In some embodiments, the method of the technology described herein is a so-called “tile based” rendering method, wherein the render output is divided a plurality of (in an embodiment regularly sized) tiles for the purposes of rendering. In these embodiments, the regions of the technology described herein (for which different numbers of rays can be traced and for which different relative numbers of rays to be traced are determined) can directly correspond to the tiles of the render output. However this need not necessarily be the case. For example, a region of the render output could correspond to (i.e. cover) a number of different (e.g. adjoining) tiles of the render output, or it could correspond to a fraction of a tile (i.e. such that a single tile covers a plurality of such regions of the render output).

The ray tracing budget B, which corresponds to a total number of rays to be traced when generating the (e.g. entire) render output, can be selected in any suitable or desired manner. The ray tracing budget B could be selected by the application (e.g. game) that is being executed (e.g. on a host processor), or the ray tracing budget B could be set by the graphics processor itself.

The ray tracing budget B could correspond to an estimated maximum number of rays that are supported by the rendering pipeline of the GPU, and/or that can be traced in a target amount of time for rendering the render output. In embodiments, a same ray tracing budget B value is chosen for multiple render outputs being rendered, i.e. such that approximately equal numbers of rays are traced for different (e.g. subsequent) frames that are being generated. However, this need not necessarily be the case, and it would be possible to instead choose different ray tracing budgets for different frames.
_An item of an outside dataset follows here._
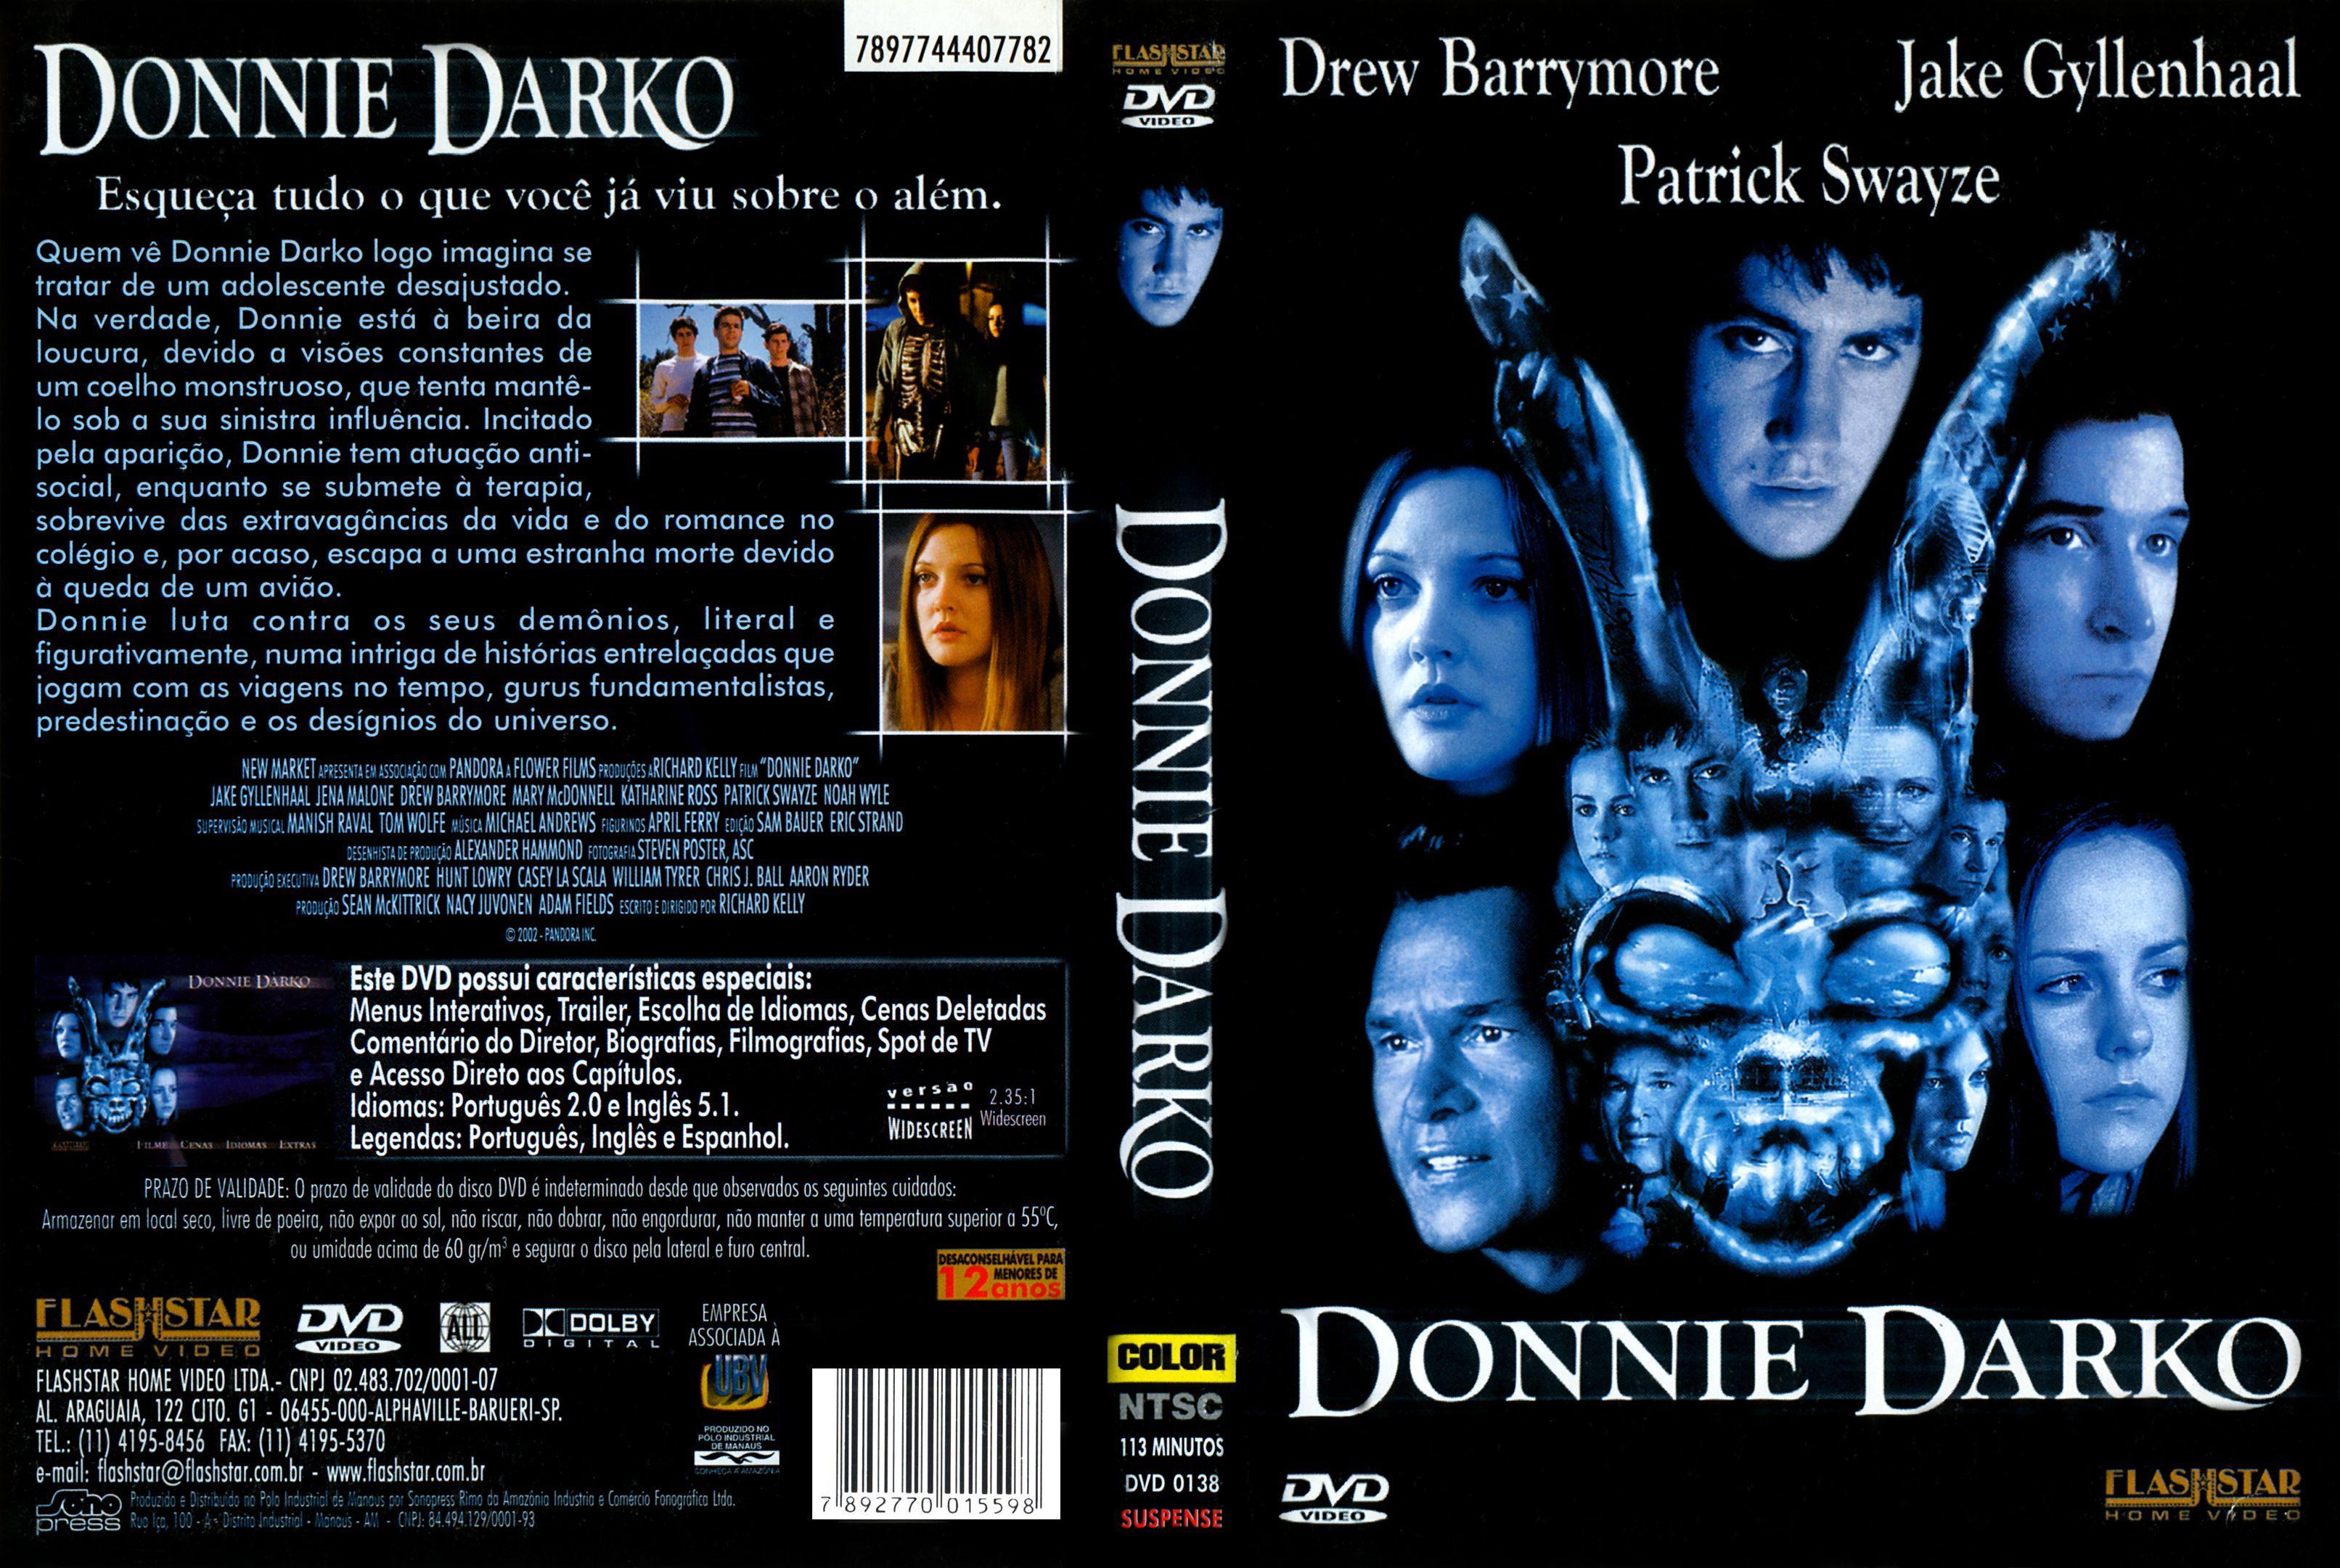 DonnieDarko

As discussed above, in the technology described herein, before performing ray tracing for regions of the render output, the relative numbers of rays to be traced for different regions of the render output is determined. This can be done in any suitable or desired manner.

In embodiments, the relative number of rays to be traced for a region is determined based on data indicating the presence of sampling positions (in different regions of the render output) that could particularly benefit from receiving more ray tracing samples, e.g. because the sampling positions of the region contain one or more particular features.

In some embodiments, the data indicates sampling positions covering areas of the scene being rendered that relate to one or more of: disocclusions (i.e. areas that were (in previous frames) not visible to the camera (e.g. because they were outside the view frustum or behind another object), but are now visible to the camera), specular highlights, areas of high temporal (spatiotemporal) variance and/or soft shadows, any or all of which may indicate that the sampling positions could benefit from receiving more ray tracing samples when generating the render output. In these embodiments, this data is in an embodiment received from an earlier stage in the graphics processing pipeline, e.g. in the case wherein the graphics processor is a so-called hybrid graphics processor which utilises both rasterization and ray-tracing rendering processes.

In some (other) embodiments, the data indicates sampling positions having a corresponding position to a sampling position in one or more previously generated render outputs (frames) that have been flagged by a learned algorithm or neural network (e.g. the denoiser) as being potentially erroneous or exceptional (e.g. because it resulted in a large delta or error value). This data may comprise feedback data that is received from the denoiser itself, for example.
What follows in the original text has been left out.